The Epic of Chakramire
Mistress of Strife
Concentrated on deceptions, doublespeak, and rhetorical loop-de-loops, The Epic of Chakramire is an ambitious prose poem whose characters reveal their truths in thick, captivating verses.
The evolutions of life on Earth, technology, and culture are examined in Marcus Woods’s dramatic prose poem, The Epic of Chakramire.
Seventy million years in the future, a mysterious emissary, Chakramire, and her android bard and personal scribe, Mara Mara, travel to Earth from the colony of Mars Dominion via the Trans-Neptunian dwarf planet Eris. Their destination is a remote South Atlantic island, Sitnalta—the new cultural cradle of Earth. On a surreptitious expedition, they are joined by the Egress Machine, a handheld companion technology that, contrary to Mara Mara, was designed to hasten the abandonment of forgotten and lost knowledge.
Diverse beings throughout Sitnalta query and gossip about Chakramire’s alien presence. The Ternion, a triumvirate of three Devas (forged from an algorithm as a collective human consciousness) and their human conduits, stands out among these antagonists to Chakramire’s mission. The Ternion dispatch a mercenary, Doryline, to obliterate Chakramire’s influence in reviving human identity.
Mara Mara is the advanced narrator through whom the story of Chakramire’s travels and motives is filtered. The drama escalates from all over Sitnalta as Chakramire and Mara Mara travel its eastern settlements. They seek the inventor of the Egress Machine, which Chakramire suspects has begun to malfunction and offer predictions of the future. The inventor, Ray, is mired in a love affair with Xara; both align to different Devas. And Ray’s own epic fuels Chakramire’s work to eliminate Earth’s people’s dogmatic automaticity.
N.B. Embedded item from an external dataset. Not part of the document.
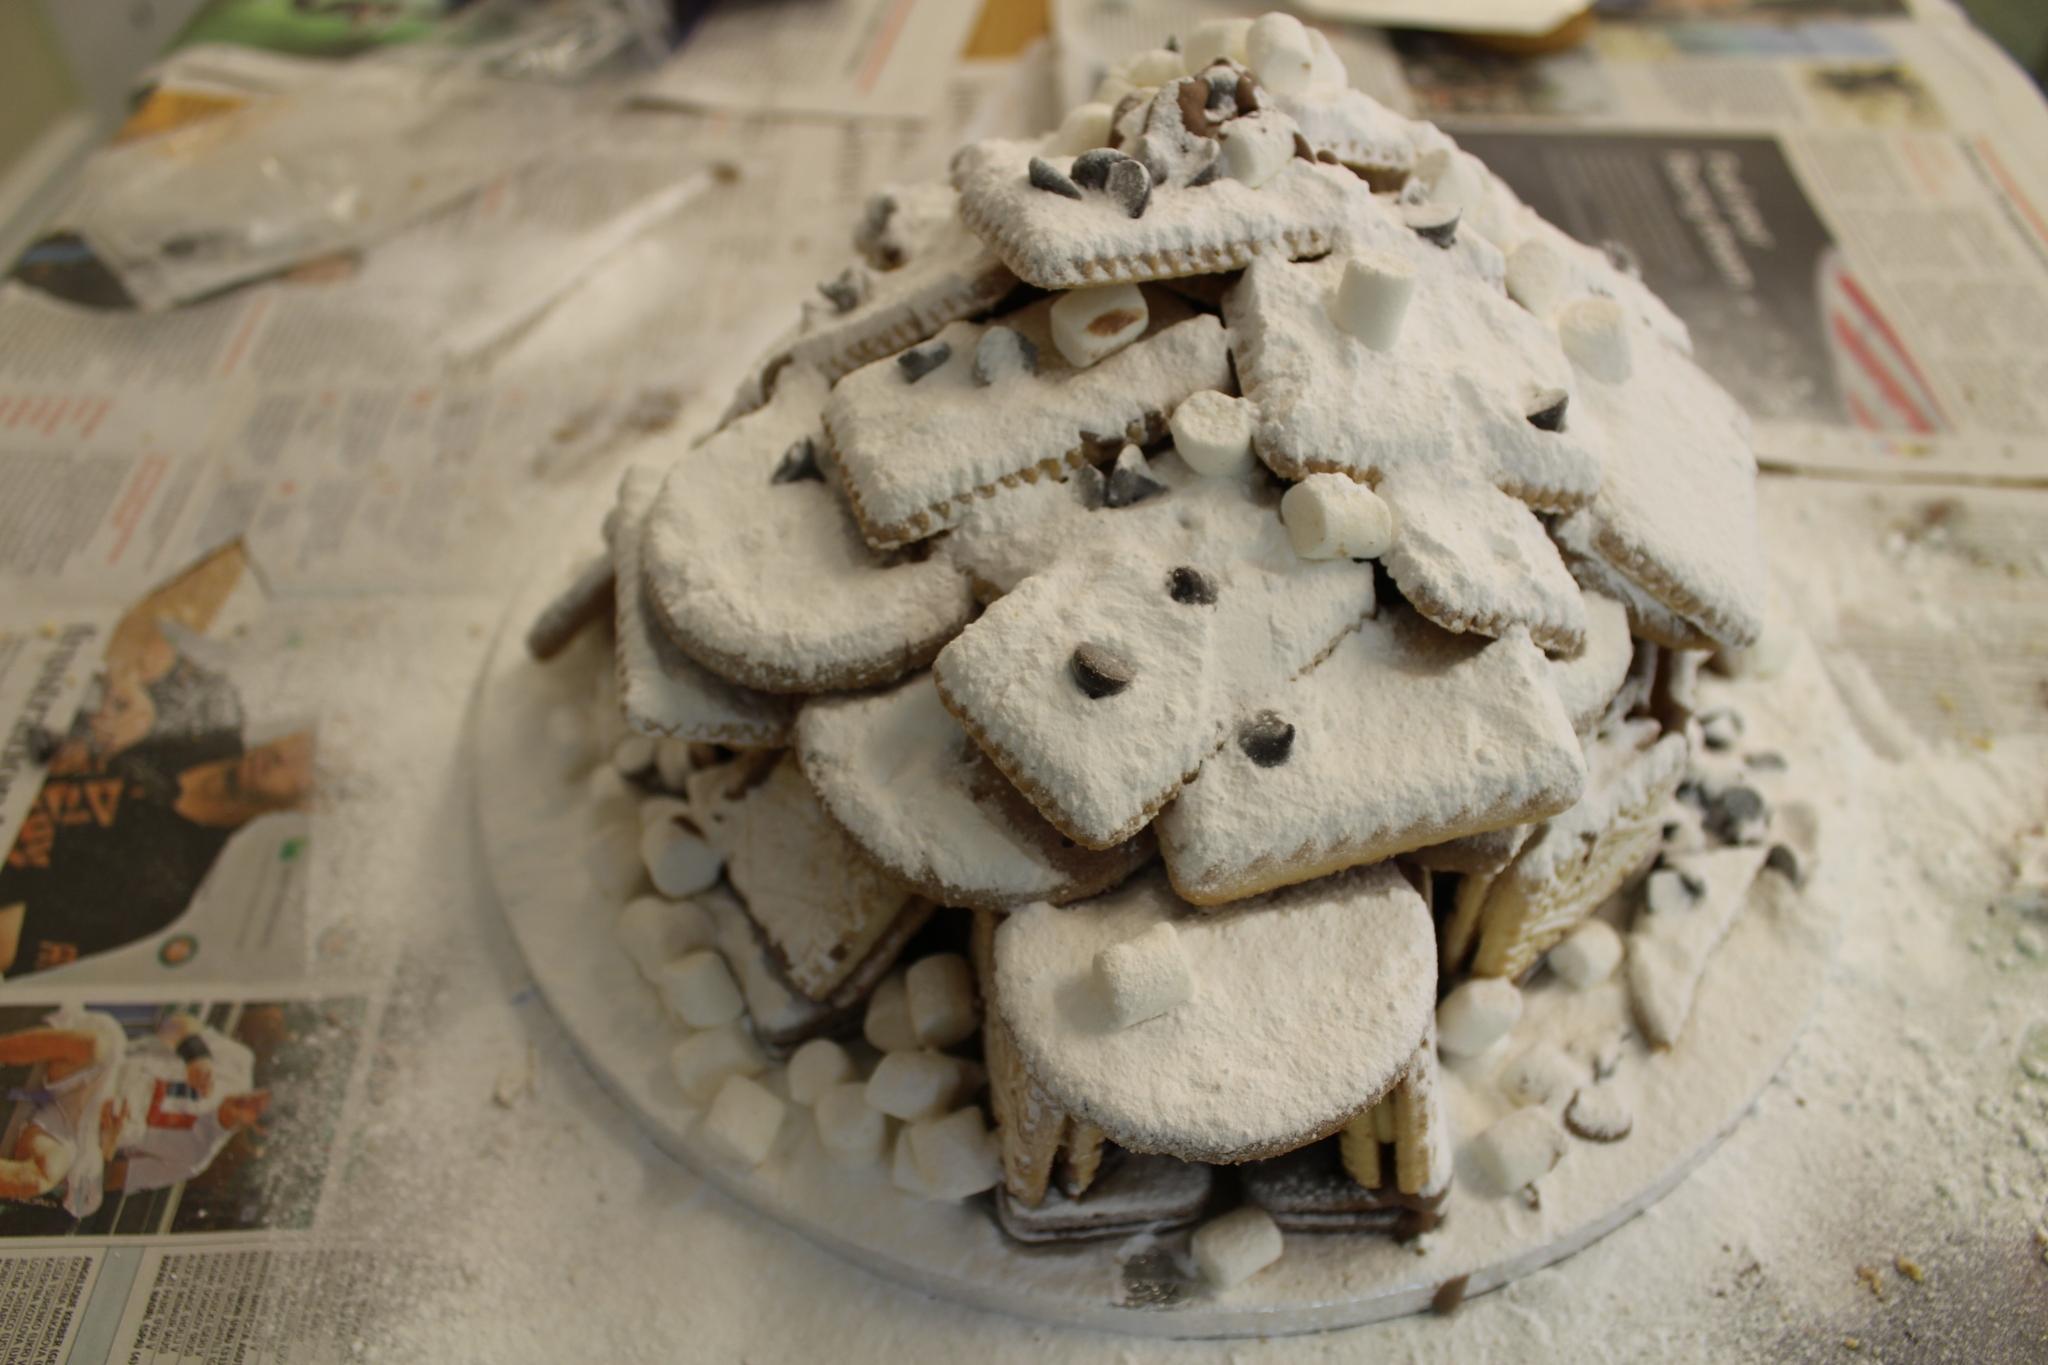 Winter holiday cake - the igloo

Broken into three parts containing multiple cantos, the book’s sections splice and weave together like a deck of shuffled cards. Concentrated on deceptions, doublespeak, and rhetorical loop-de-loops, the characters reveal their truths through thick pentameters and obstacles of poetic verse that complement their innate obfuscations. Questions are posed in complex syntax—regarding the role of technology in human life; regarding genetic differences between humans living on other planets and Earth-bound people.
The imagery is often beautiful, and the book’s evocations are piquing: Sitnalta is a semordnilap for Atlantis, giving the setting the distinct patina of a thriving, if misguided, civilization on the brink of catastrophe. Still, the verse is often dizzying, moving through exhaustive worldbuilding with its own complicated style: For example, Earth and its various dominions and leaders are referred to by up to five different names each. The marrow of the story, however, rescues the book from the realm of the esoteric.
The Epic of Chakramire is a challenging speculative prose poem about Earth’s future and scattered progeny.